Clipping web page as Web Archive often fails and I end up with a bookmark

sardonicfireplace · September 11, 2024, 5:25pm

This has been happening for a while. When I’m browsing the web on Safari and I want to capture a page as a Web Archive I’ll us the Safari extension which seems to then open up the Sorter. When I use the sorter to save as a Web Archive it will, very often, save as a bookmark in stead of Web Archive. Then I can convert the bookmark as Web Archive inside of DEVONthink and it will work.

Is there a reason that this happens so ofter or am I doing something wrong?

BLUEFROG · September 11, 2024, 5:29pm

Clipping has been discussed at length and it is well known if you’re getting a bookmark, it’s because the page couldn’t be clipped (for whatever reason). If this is persistent, reboot the Mac.

sardonicfireplace · September 11, 2024, 5:44pm

Ah, ok. It seems like it’s happening more recently and also odd that the sorter can’t seem to clip it but within devonthink it can clip it.

Edit: I have no data to back up my claim about it happening more recently.

BLUEFROG · September 11, 2024, 5:54pm

Safari runs its own process while conversion of a bookmark in DEVONthink is a different process.

fredap · September 12, 2024, 9:22pm

Yes, this has been discussed a lot in the past but I do believe there is an underlying bug here.

There are two reasons for me to make this statement:

If I make the capture a second time there is a 100% success rate. I have done this hundreds of times. Make a capture, see a bookmark, make a capture again and it succeeds.
I have an application (not public) that creates a web archive using the API. It doesn’t need to download anything, since the HTML content is part of the API request, but it does contain the original URL where the content is coming from. That fails in about 50% of the times and results in a bookmark. Again doing the export a second time succeeds in 100% of the times.

FrankT · September 13, 2024, 5:33pm

Haha, that’s actually true. Thank you very much for the valuable hint.

Now you should have a rule, if a bookmark document and a web archive document have the same name, then delete the bookmark.

Or does anyone have a better idea?

fredap · September 13, 2024, 7:09pm

Sounds good. Please share once you created this.

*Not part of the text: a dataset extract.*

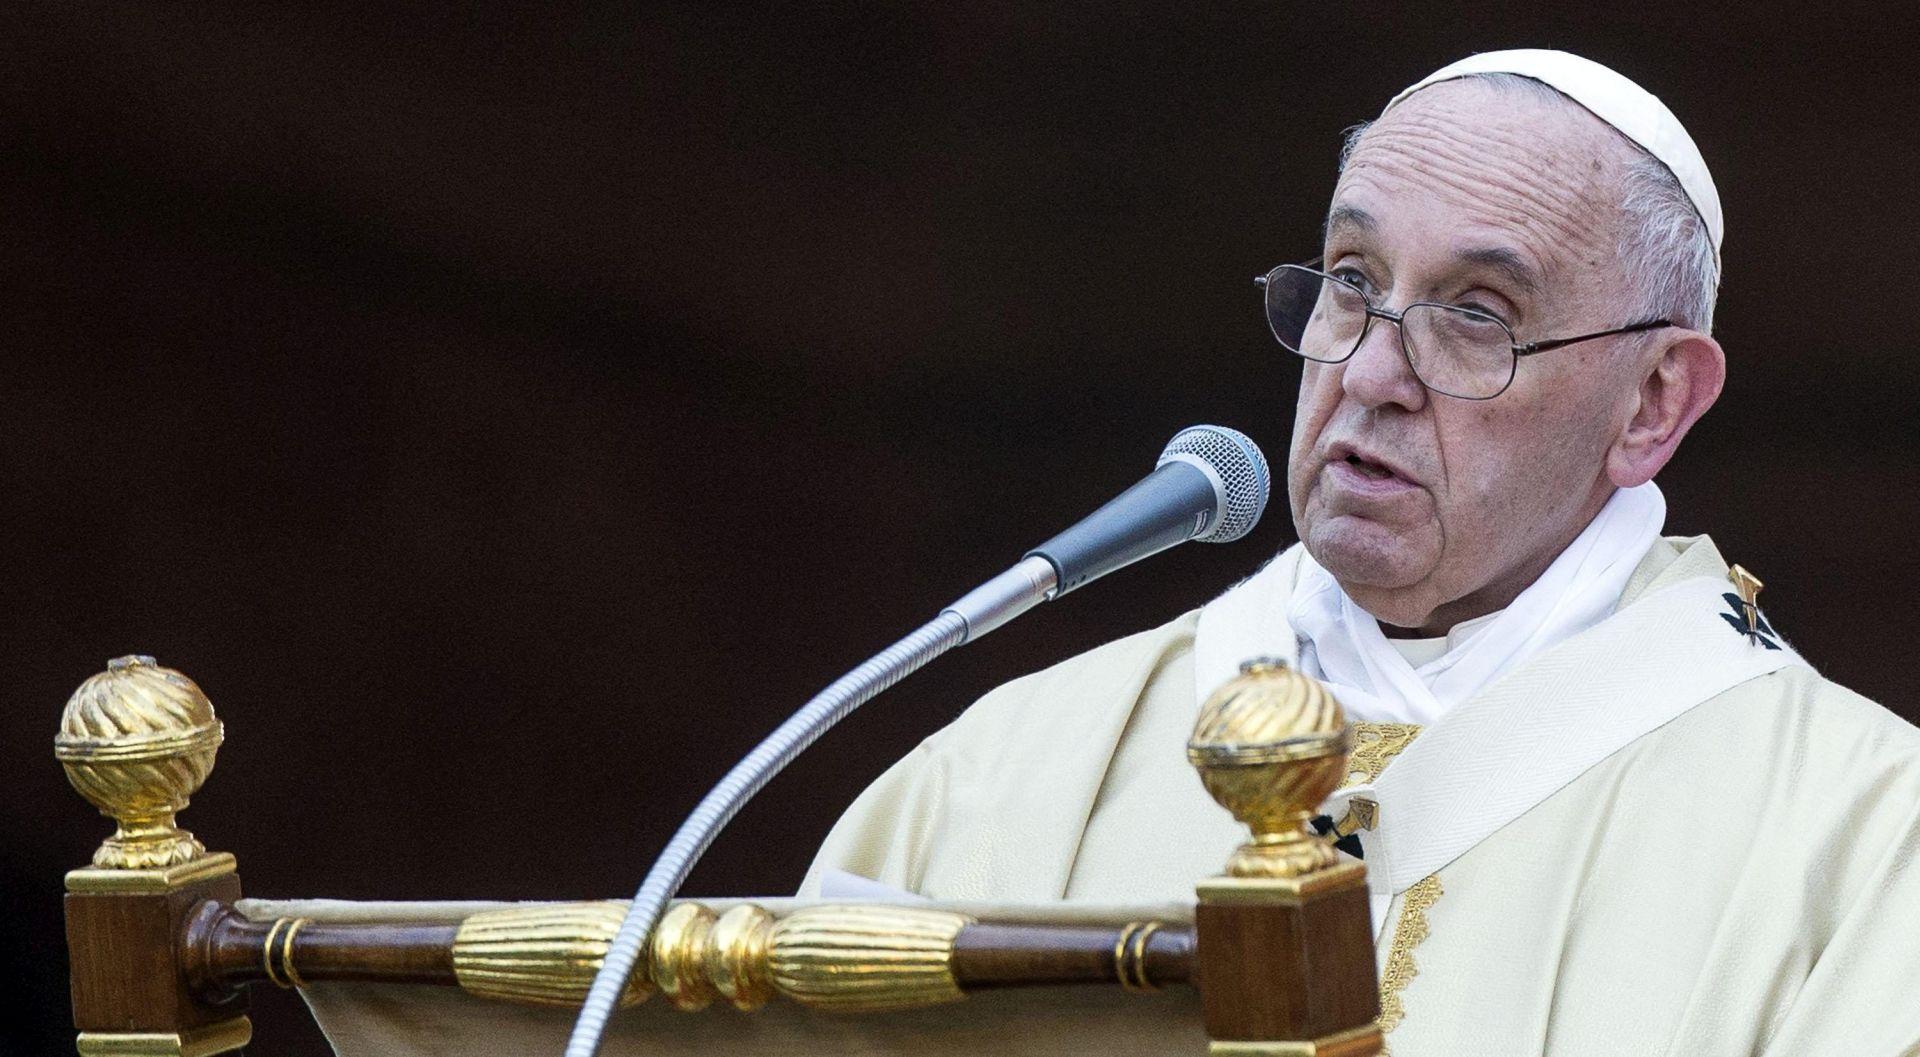 Papa ogorčen novim Vatileaksom, ali odlučan u provedbi reformi
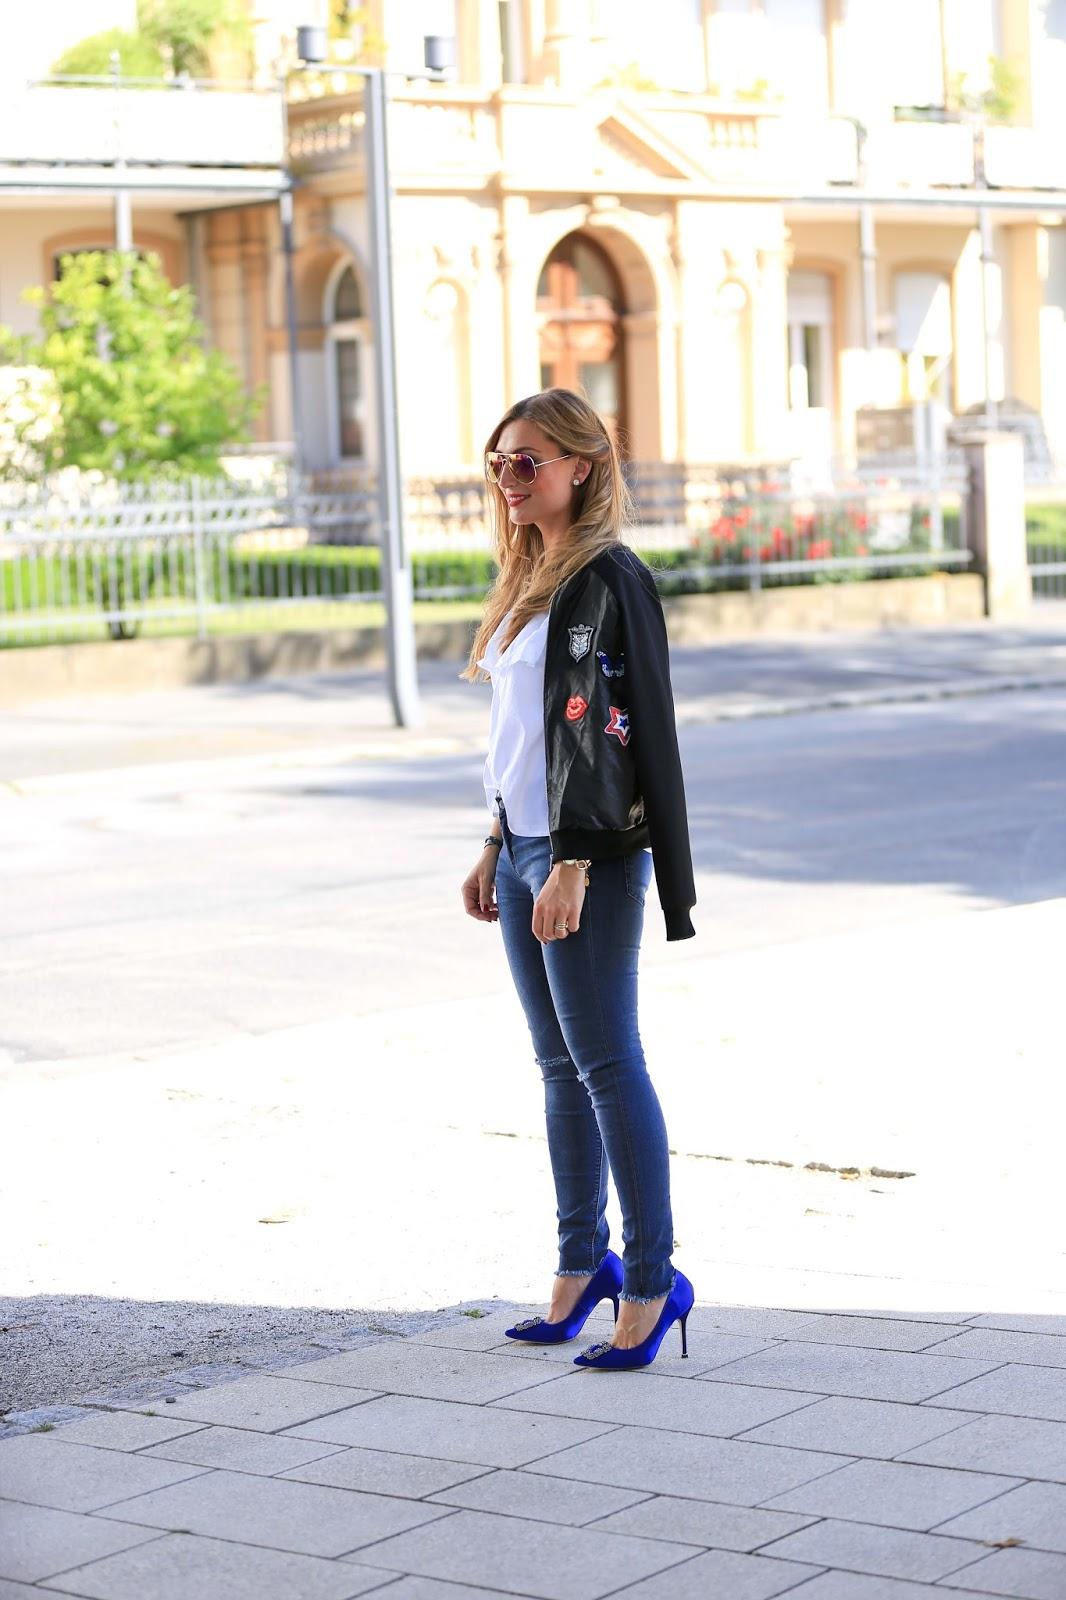 -fashionblog-muenchen-styleblog-Frankfurth-blogger-deutschland-fashionblogger-bloggerdeutschland-Fashionstylebyjohanna - Sheinside Look -lifestyleblog-modeblog-germanblogger-blaue Pumps

BLUEFROG · September 13, 2024, 8:42pm

This won’t be accomplished without scripting as you can’t use a placeholder in the criteria. And criteria have to be specific, like Name is such-and-so or URL begins with https://doublerainbow.com. Those things are obviously going to vary with the content being clipped.

FrankT · September 14, 2024, 8:21am

@fredap Since my imports (initially) are all in the same group, I tried it this way.

If the document is a web archive, nothing happens. If the document is a bookmark (instead of a web archive), it is converted to a web archive. Then a second rule is executed that moves all bookmarks in this group to the trash.

I don’t know if this is the best solution, but it seems to work for my purposes.

fredap · September 14, 2024, 8:50am

Looks pretty good to me. It took me a while to understand that Lesezeichen means Bookmark

I believe there is a small risk that there the second rule removes a bookmark that hasn’t been converted yet.

You can address that by adding a tag in the first rule, e.g. a tag converted_to_webarchive and have the second macro check for that existence.

I also noticed that the second macro is set to manual. Is that to address this issue that you want to be certain that this is indeed the right article? If you add the tag you could perhaps make this fully automated.

FrankT · September 14, 2024, 9:15am

Ah, yes sorry my system is German

True, but everything in this group has already been converted.

This (second) rule should only be executed by the first rule. So only if there is exactly one bookmark in this group. I assume that “manual” means that it is not executed automatically.